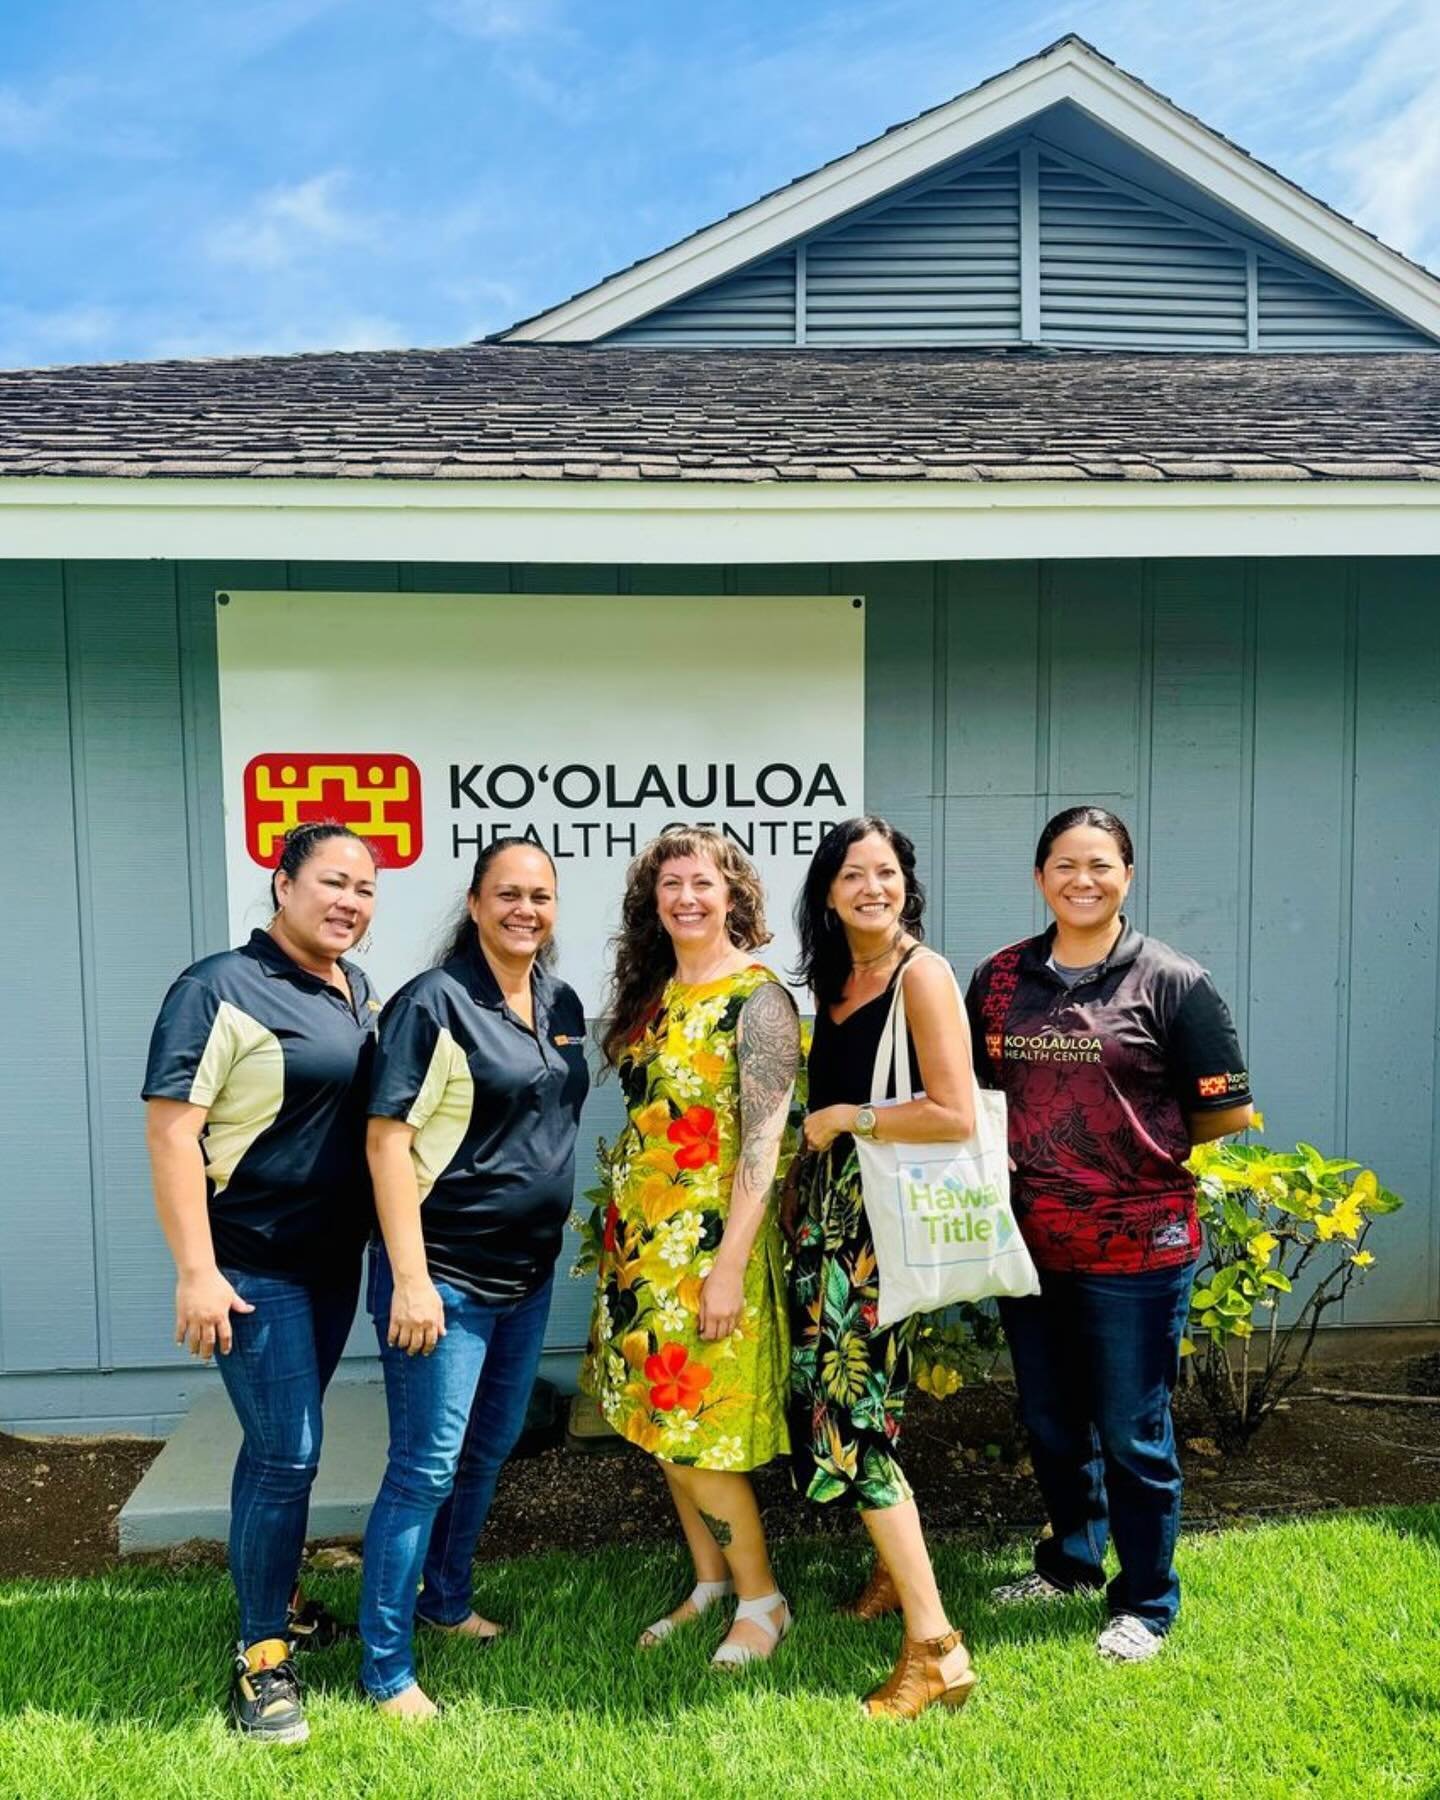 Aloha &lsquo;Ohana!

Mahalo @essnaccesshlth for the kind words! We see you!

Essential Access Health&rsquo;s wonderful post:

&ldquo;We share Ko&rsquo;olauloa&rsquo;s belief that health care is a right, not a privilege. We were inspired to hear how #

» WHAT YOU WILL DO
Write out the data again word for word, minus any images.

» ANSWER SPACE
 Aloha &lsquo;Ohana!

Mahalo @essnaccesshlth for the kind words! We see you!

Essential Access Health&rsquo;s wonderful post:

&ldquo;We share Ko&rsquo;olauloa&rsquo;s belief that health care is a right, not a privilege. We were inspired to hear how #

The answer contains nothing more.